THE TRAGEDY IN DAPCHI

MONDAY EDITORIAL

The authorities must do more to secure the future of our children

The fact that Nigeria hardly learn from its experiences was brought to fore last week when the “technically defeated” Boko Haram insurgents invaded a female secondary school in Yobe State and carried away dozens of girls with the authorities, both in the state and Abuja, left in a state of utter confusion. Yet, the experiences of Federal Government College, Buni Yadi where no fewer than 58 male students were brutally assassinated and that of Chibok where several girls are yet to be accounted for almost four years after, should have taught lessons on how to prevent or manage such tragedies.

 Unfortunately, repeated attacks on schools by the insurgents in recent years have created fear in many vulnerable students and their parents, especially in some parts of the country and is affecting the attitude to education with Boko Haram whose guiding philosophy is “western education is sinful” winning the psychological war. The implication of such a state of affair is damaging. When a school is under attack and students become targets, according to Manuel Fotaine, West Africa Regional Director of United Nations Children Fund (UNICEF), “not only are their lives shattered, the future of the nation is stolen.”

 Although the current administration of President Muhammadu Buhari seems to be managing the optics better, having learnt from the ugly experience of the past, there is no sign that it is doing anything different. First, a claim was put out that many of the girls had been found at a time there was no such thing. And then a visiting Governor Ibrahim Gaidam would be making insensitive remarks to traumatised parents. To compound the problem, there is yet no real confirmation of the actual number of the missing girls beyond mere conjectures.

 In the wake of the tragedy, the Lagos State Chapter of the Bring Back Our Girls (BBOG) Coalition raised several pertinent questions which require answers from the authorities. Some of these questions include but are not limited to: “Are there so many roads and settlements in the immediate area that 100 people can disappear without a trace? Are the insurgents ghosts who move through the landscape unseen and unheard? What arrangements have been made to support the devastated family members of the missing who are holding a vigil until their children are back? What has happened to the Safe Schools Initiative that was launched in 2014 under which schools were to be pooled into safer areas with a military presence?”

 The Safe Schools Initiative, launched after the Chibok kidnap, was meant to counter the growing attacks on the right to education and to build community security groups to promote safe zones for education, consisting of teachers, parents, police and community leaders. “We cannot stand by and see schools shut down, girls cut off from their education and parents in fear of their daughters’ lives,” said former British Prime Minister, Mr. Gordon Brown, then UN Special Envoy on Education at the launch. “The Safe School Initiative will put Nigeria on track to help more and more girls and boys go to school and learn.”

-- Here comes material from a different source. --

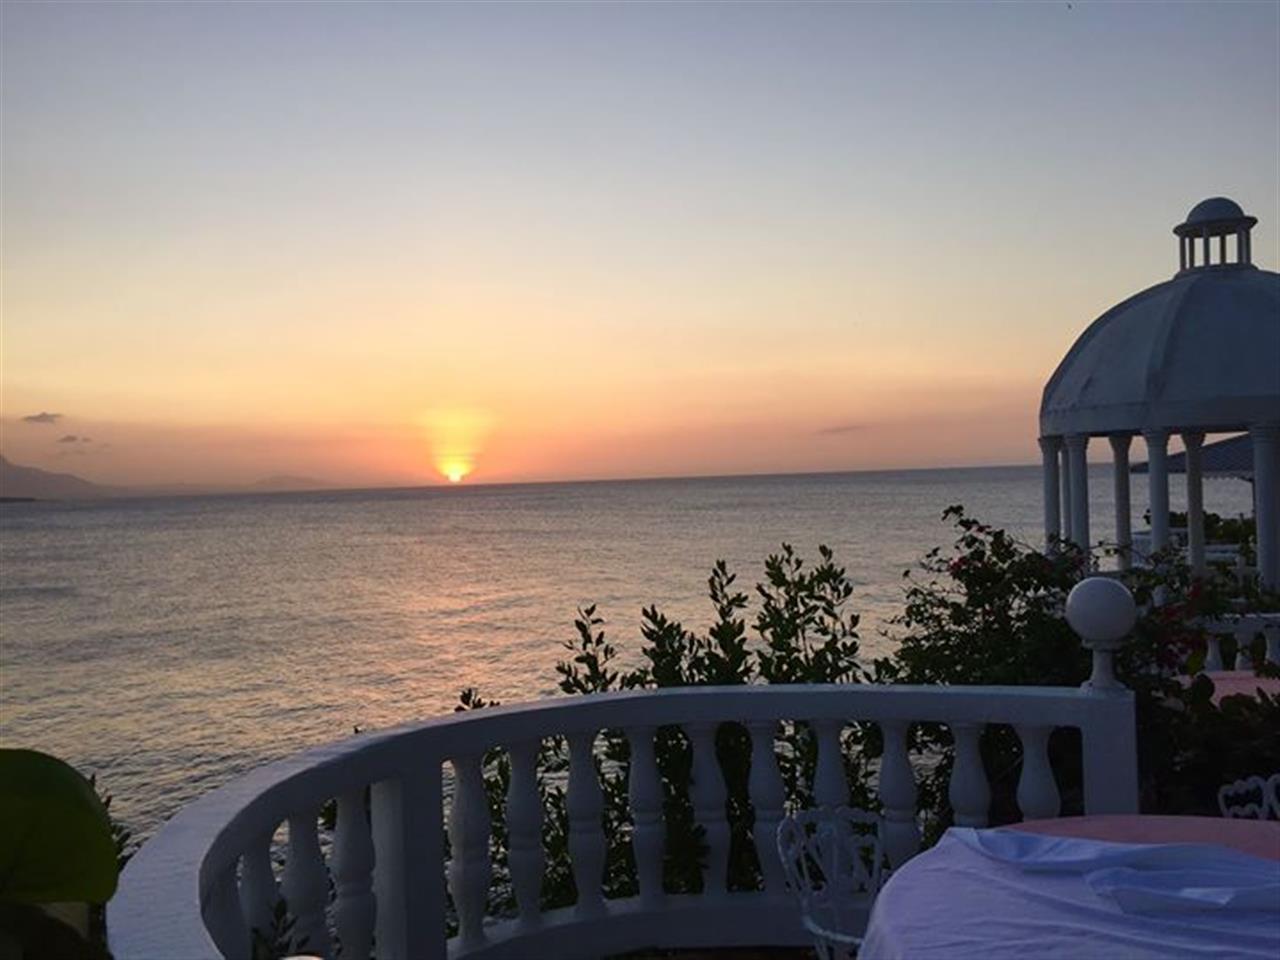 Good night! Just beautiful!  La Puntilla de Pierre Giorgio, Sosua, Dominican Republic.  #Sosua #DominicanRepublic #Caribbean

 Unfortunately, the idea has long been abandoned with the schools, including those in the Boko Haram area of operation, left to their individual devices. But with the recent attacks by the insurgent—who have proved conclusively that regardless of what the authorities are saying, they still possess sufficient capacity for evil—there is an urgent need to go back to the drawing board.  We cannot afford to leave our children at the mercy of violent predators bent on truncating their future. It is also time the Buhari administration admitted the reality that Boko Haram is still very strong in their areas of operations that more efforts would be needed to root out the insurgents.